I’d braced myself for the kind of outburst the word Anthrocosmologist had produced – but Mosala simply observed dryly, “Well, I didn’t think it could remain a secret for long. I suppose the whole conference is talking about it.”
“Not exactly. I heard it from a local.”
She nodded, unsurprised. “I’ve been having discussions with the academic syndicates here, for months. So it’s probably all over the island by now.” She flashed a wry smile. “Not much into confidentiality , these anarchists. But what can you expect from patent violators and intellectual property thieves?”
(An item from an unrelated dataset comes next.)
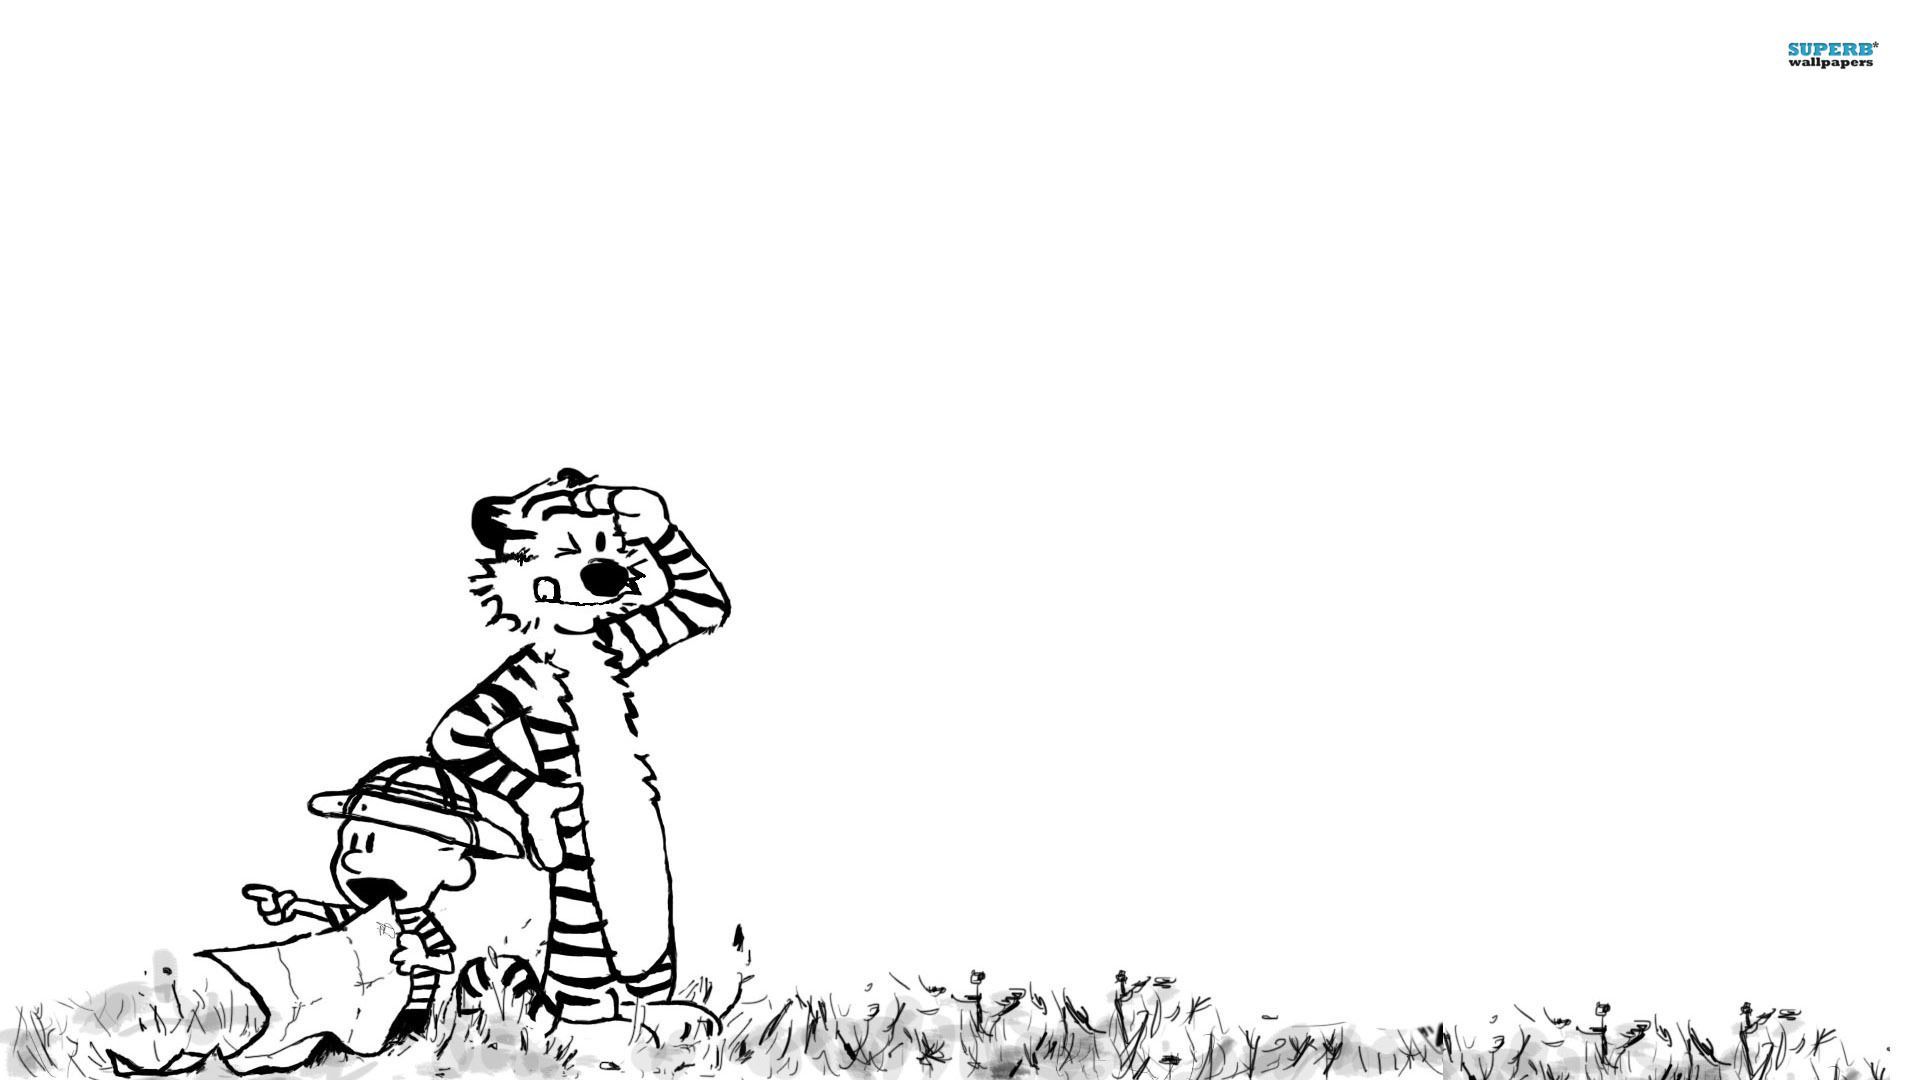 Calvin and Hobbes wallpaper - Cartoon wallpapers

I said, “So what’s the attraction?”
She stood. “Can you stop recording, please?” I complied. “When all the details have been worked out, I’ll make a public statement – but I don’t want some off-the-cuff remark on the subject coming out first.”
“I understand.”
She said, “What’s the attraction of patent violators and intellectual property thieves? That very fact. Stateless is renegade, they flout the biotech licensing laws.” She turned toward the window, and stretched out her arms. “And look at them! They’re not the wealthiest people on the planet – but no one here is starving. No one. That’s not true in Europe, Japan, Australia – let alone in Angola, Malawi … ” She trailed off, and studied me for a moment, as if trying to decide if I really had stopped filming. If she really should trust me at all.